Print each entry precisely; exclude the pictures.

━━━ DATA TO EXAMINE

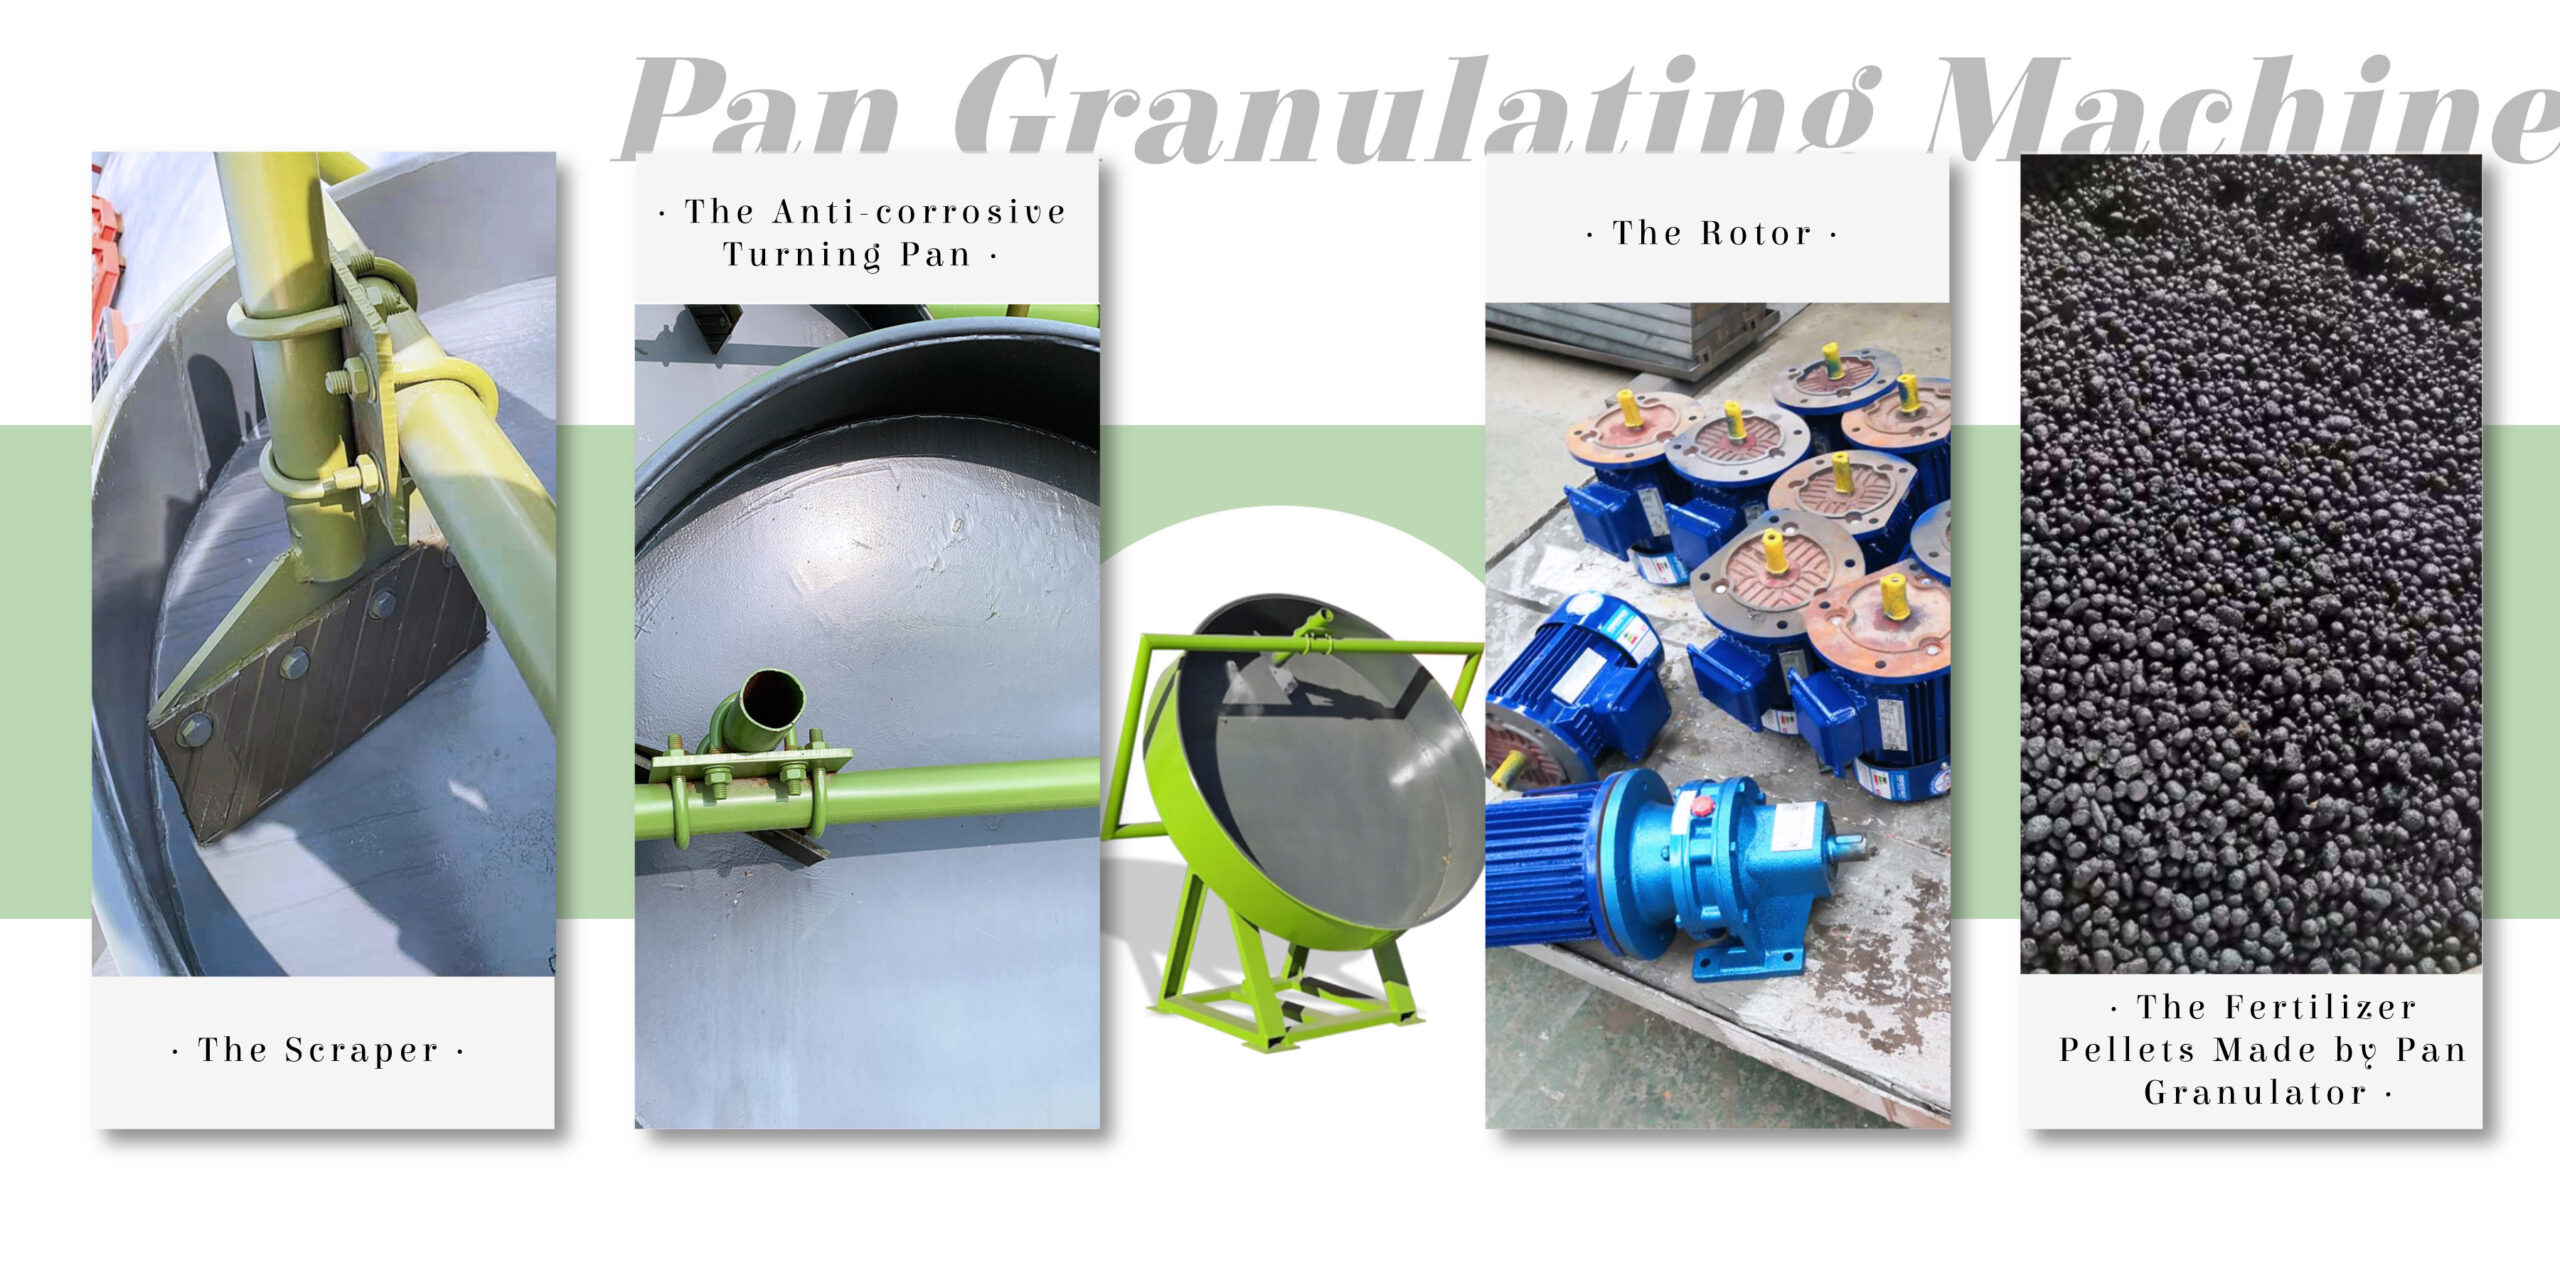 The Details of Pan Granulating Machine
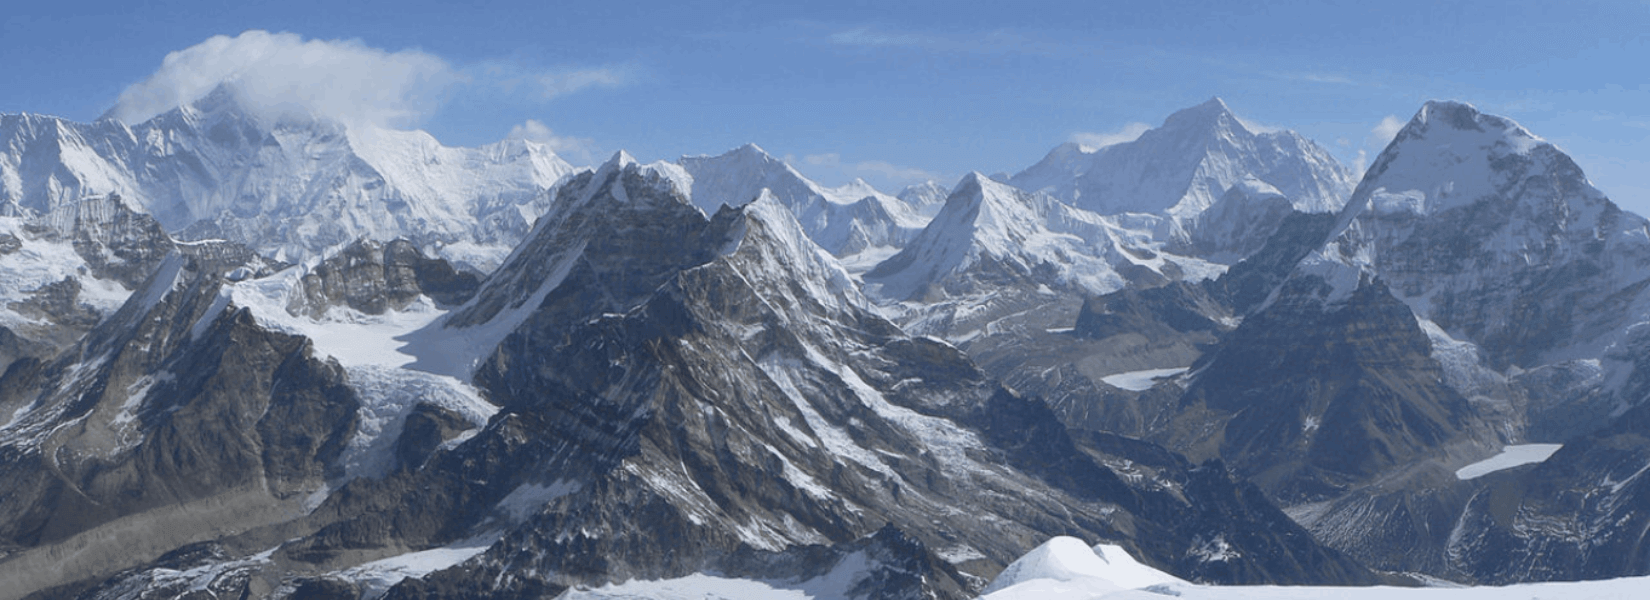 Nepal Peak Climbing Permit Cost Discount Offers
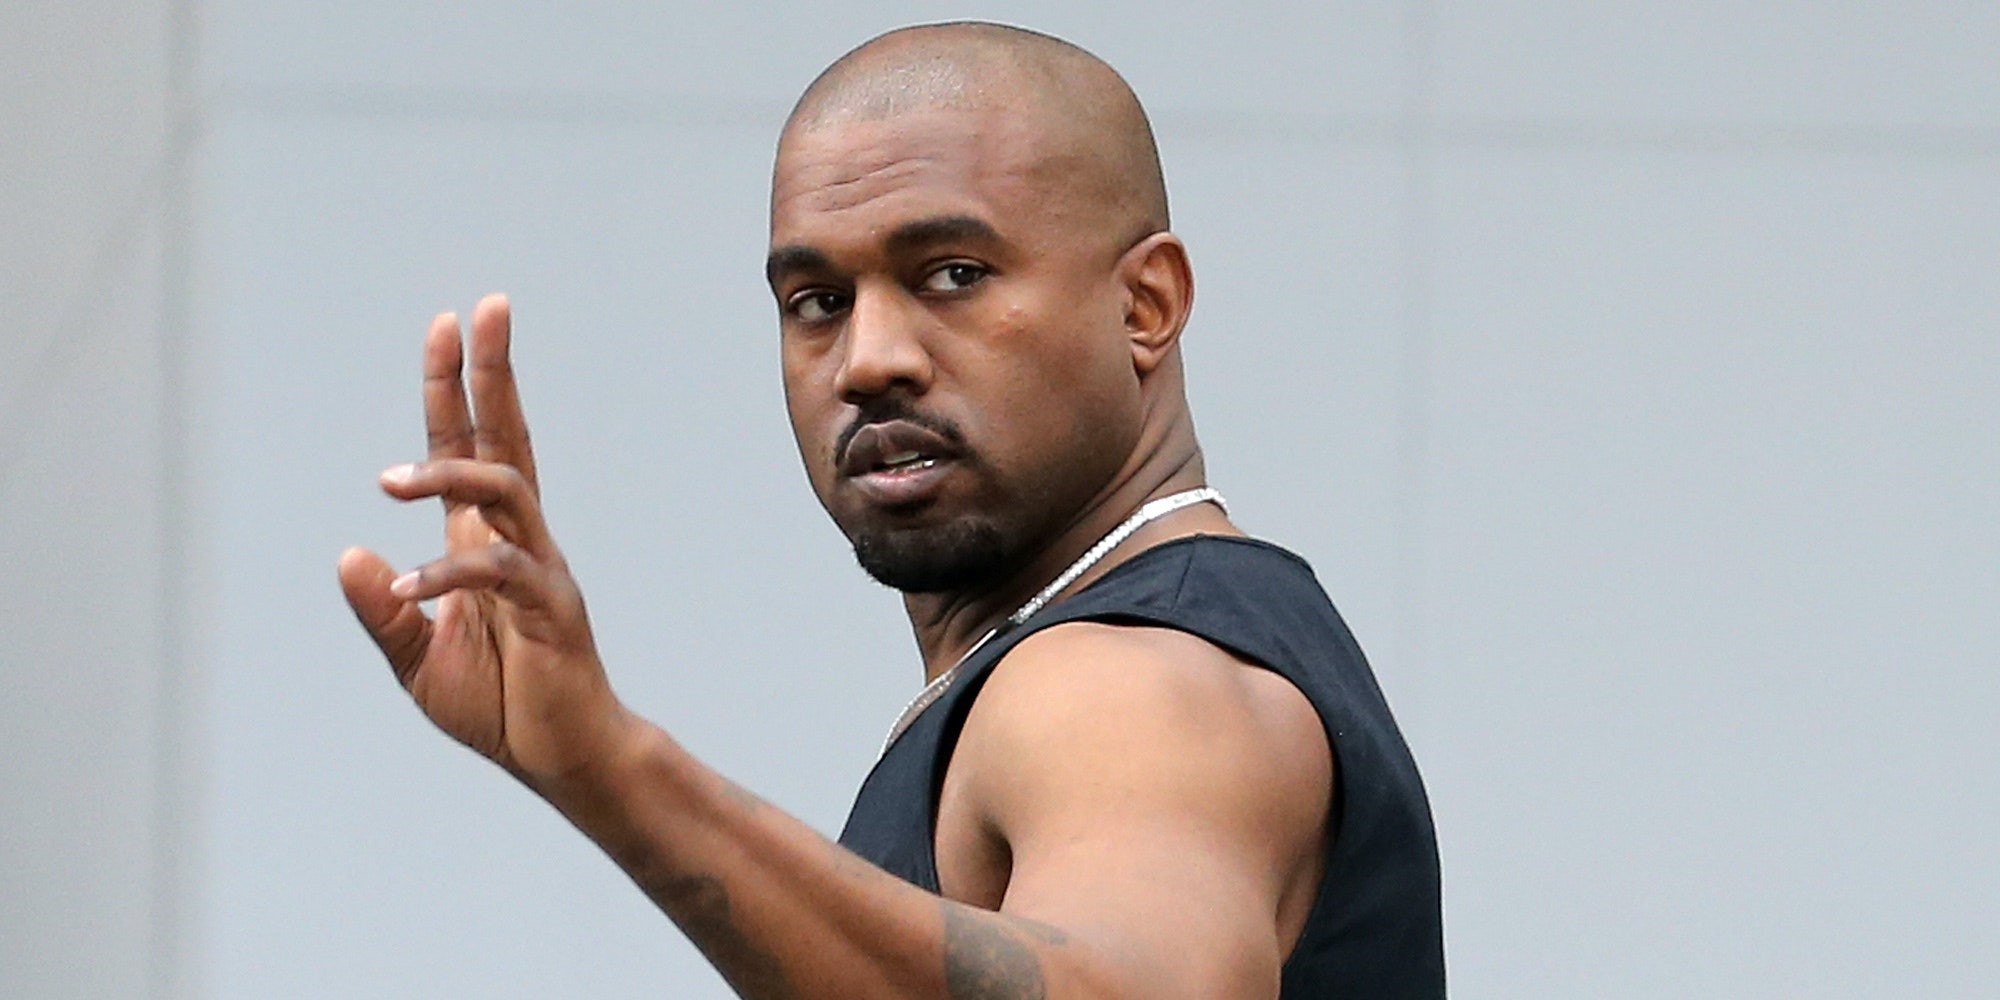 Kanye West drops out of headlining Coachella 2022
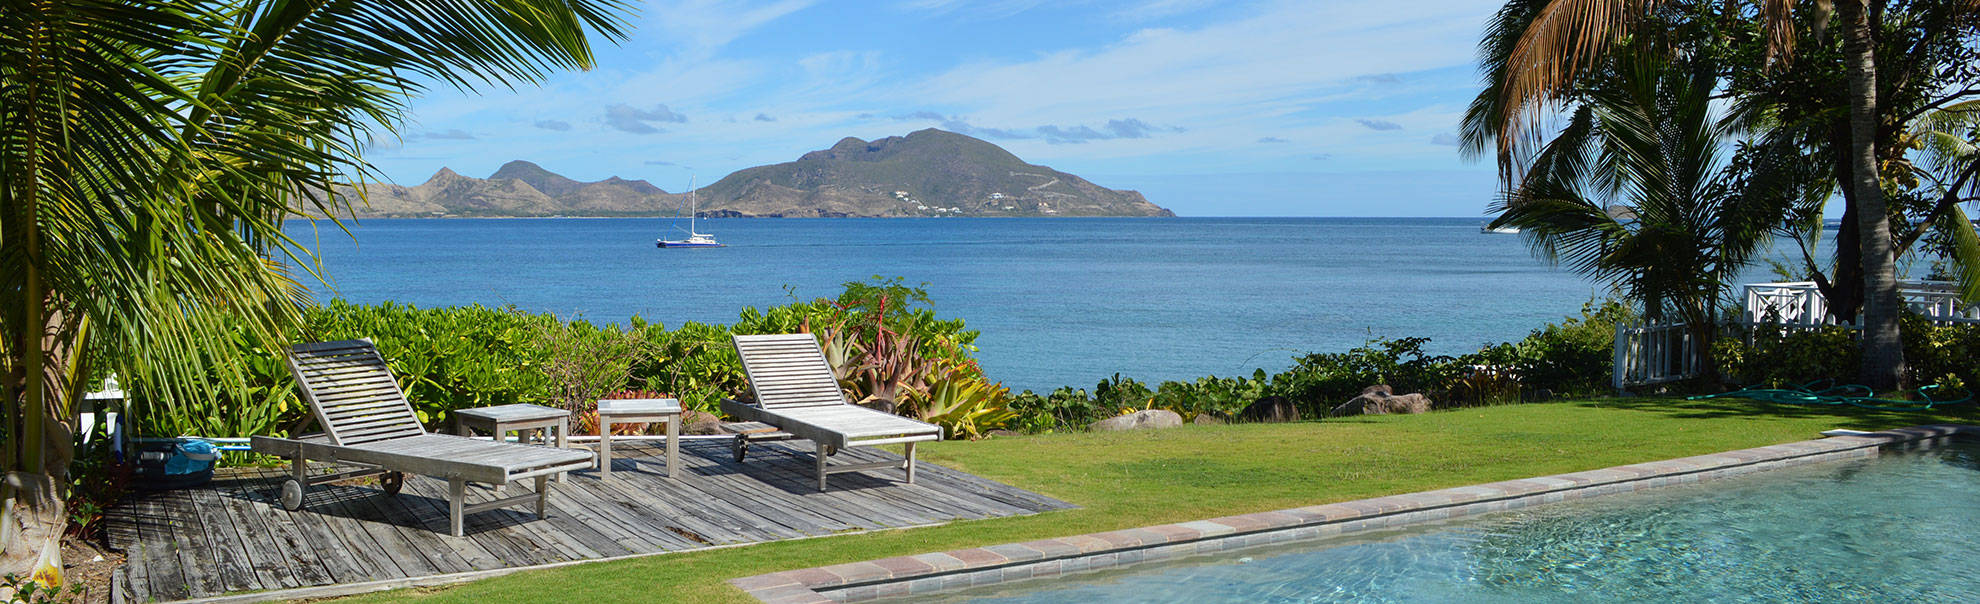 Resortde Piscina En St Kitts Y Nevis. Fondo de pantalla
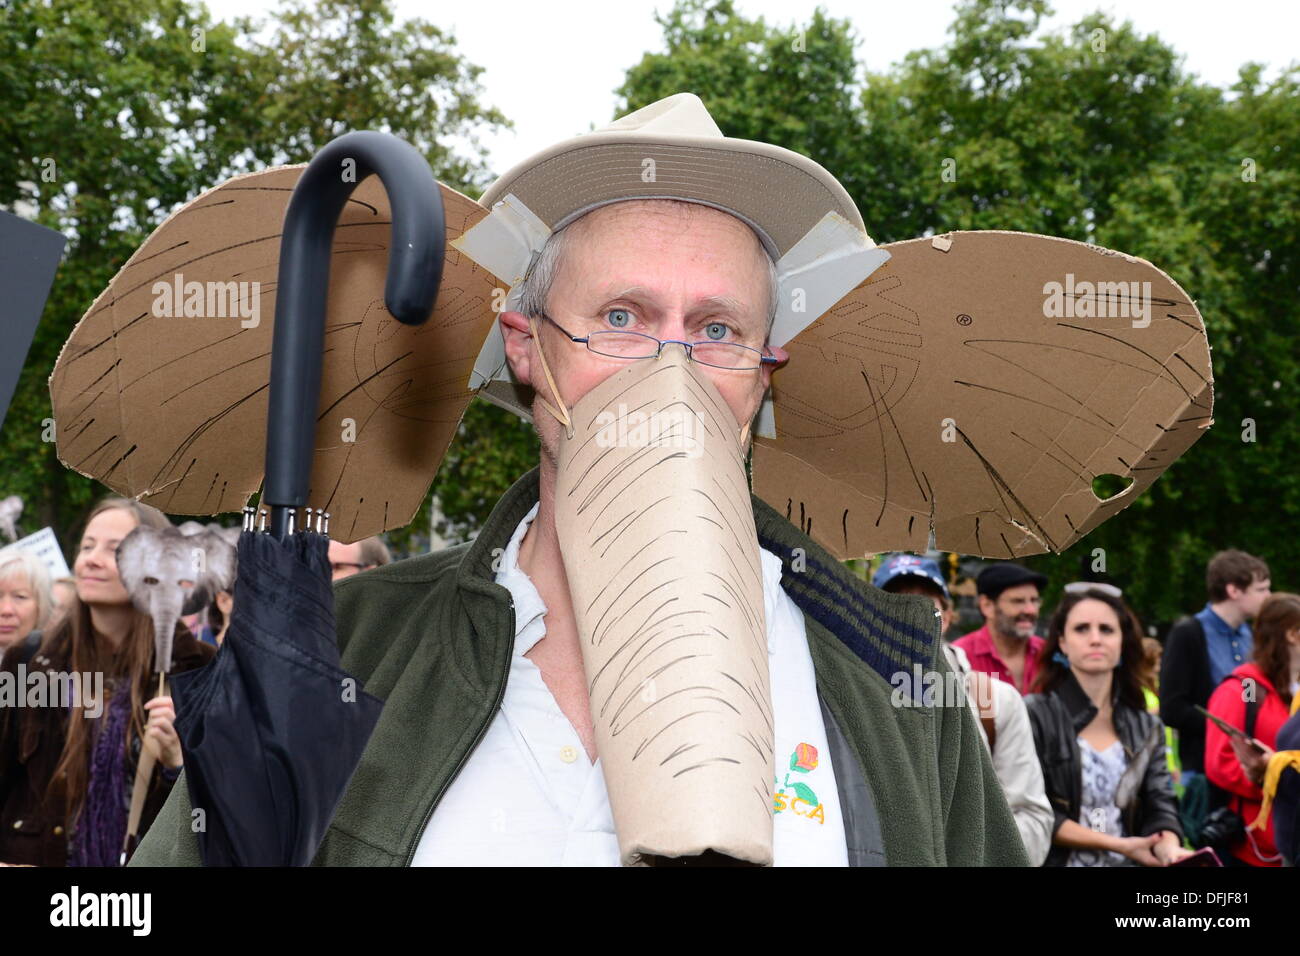 London UK, 4. Oktober 2013: Demonstrant tragen ein Elefant Maske außerhalb Parliament Square in London. Siehe Li / Alamy Live News Stockfoto

━━━━━━

> [WRITTEN ANSWER]:
 The Details of Pan Granulating Machine
 Nepal Peak Climbing Permit Cost Discount Offers
 Kanye West drops out of headlining Coachella 2022
 Resortde Piscina En St Kitts Y Nevis. Fondo de pantalla
 London UK, 4. Oktober 2013: Demonstrant tragen ein Elefant Maske außerhalb Parliament Square in London. Siehe Li / Alamy Live News Stockfoto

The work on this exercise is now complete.